Sonnet 73

Although at first glance this sonnet appears to be about death, it is, like the majority of Shakespeare’s poetry, about love. As is typical in his work Shakespeare has kept to the traditional sonnet form of 14 lines, all in iambic pentameter, and is arranged in three quatrains with a closing couplet. Its rhyme scheme is ab ab cd cd ef ef and gg.

The most powerful imagery within the sonnet is that which describes the passing of time, giving the poem an almost palpable aura of pathos. From the outset, Shakespeare mixes metaphor within this imagery, and while the illustration is of a tree in winter, the reader is in no doubt that the tree is the poet himself.

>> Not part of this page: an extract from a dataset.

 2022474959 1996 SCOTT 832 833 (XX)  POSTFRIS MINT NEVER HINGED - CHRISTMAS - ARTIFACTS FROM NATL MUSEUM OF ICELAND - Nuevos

‘That time of year thou mayst in me behold

When yellow leaves, or none, or few, do hang

Upon those boughs which shake against the cold’.

The poet uses caesura as well as enjambment at this point to reinforce the images, the commas after none and few creating powerful pauses, while Upon follows so naturally after hang as a single breath. The final imagery within this quatrain is that of the deserted choir, abandoned by even the birds, perhaps a metaphor for the poets’ feeling of imminent abandonment by the poems intended recipient.

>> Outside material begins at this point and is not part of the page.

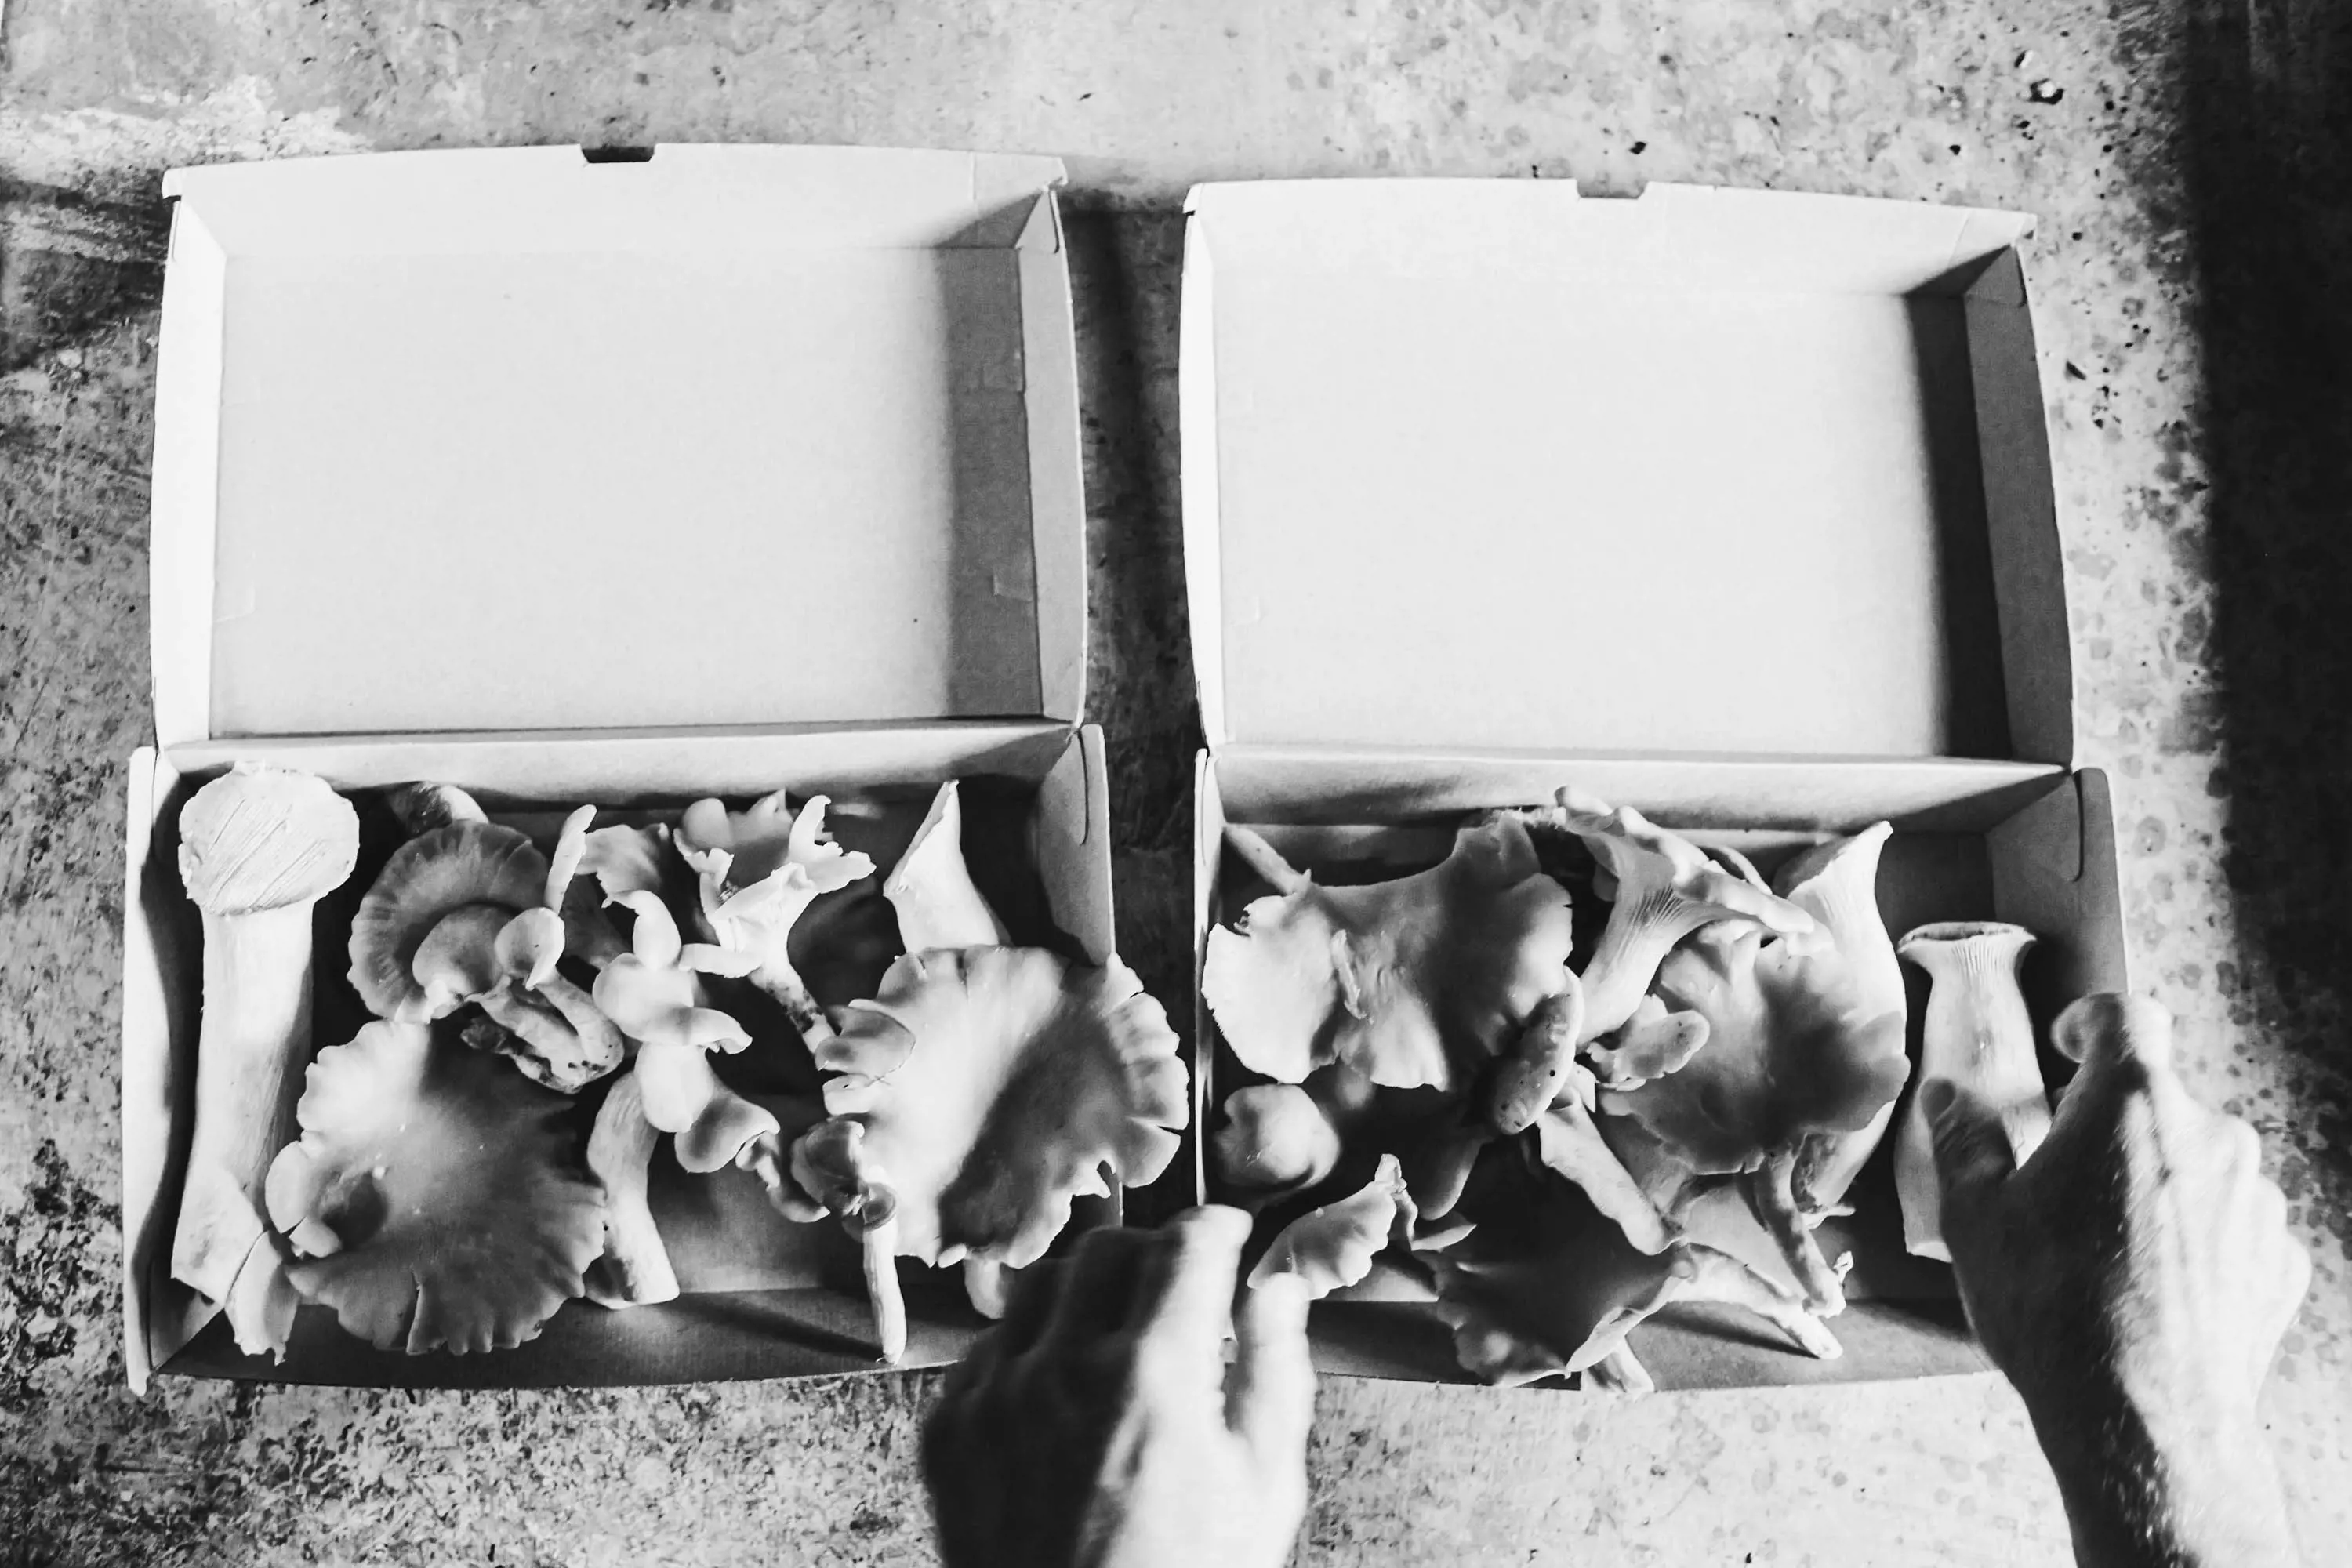 Oyster mushrooms placed into cardboard boxes,

The second quatrain continues in the same vein, as does the third, concentrating on imagery that reinforces the theme of times passage. Within the second quatrain, the image invoked is that of days passing:

‘In me thou see’st the twilight of such day’

While the third quatrain shortens the time to a bare moment with:

‘In me thou see’st the glowing of such fire’.

At all times the reading is personal, Shakespeare telling the recipient what he sees. Death is a constant within the poem, brought to mind with the bare ruin’d choirs (a possible allusion to the destruction of the monasteries) of the first quatrain, the black night of the second, and the death-bed and ashes of the third. Even sleep is referred to as death, as in Death’s second self.

The voice throughout is as at best melancholy, though the final couplet is surprisingly upbeat, and constitutes the poems turn. Shakespeare finishes with the lines:

‘This thou perceivest, which makes thy love more strong

To love that well that thou must leave ere long.’

This implies that the lover has accepted the loss that is too come, and instead of running away from it has embraced it and ultimately accepted it.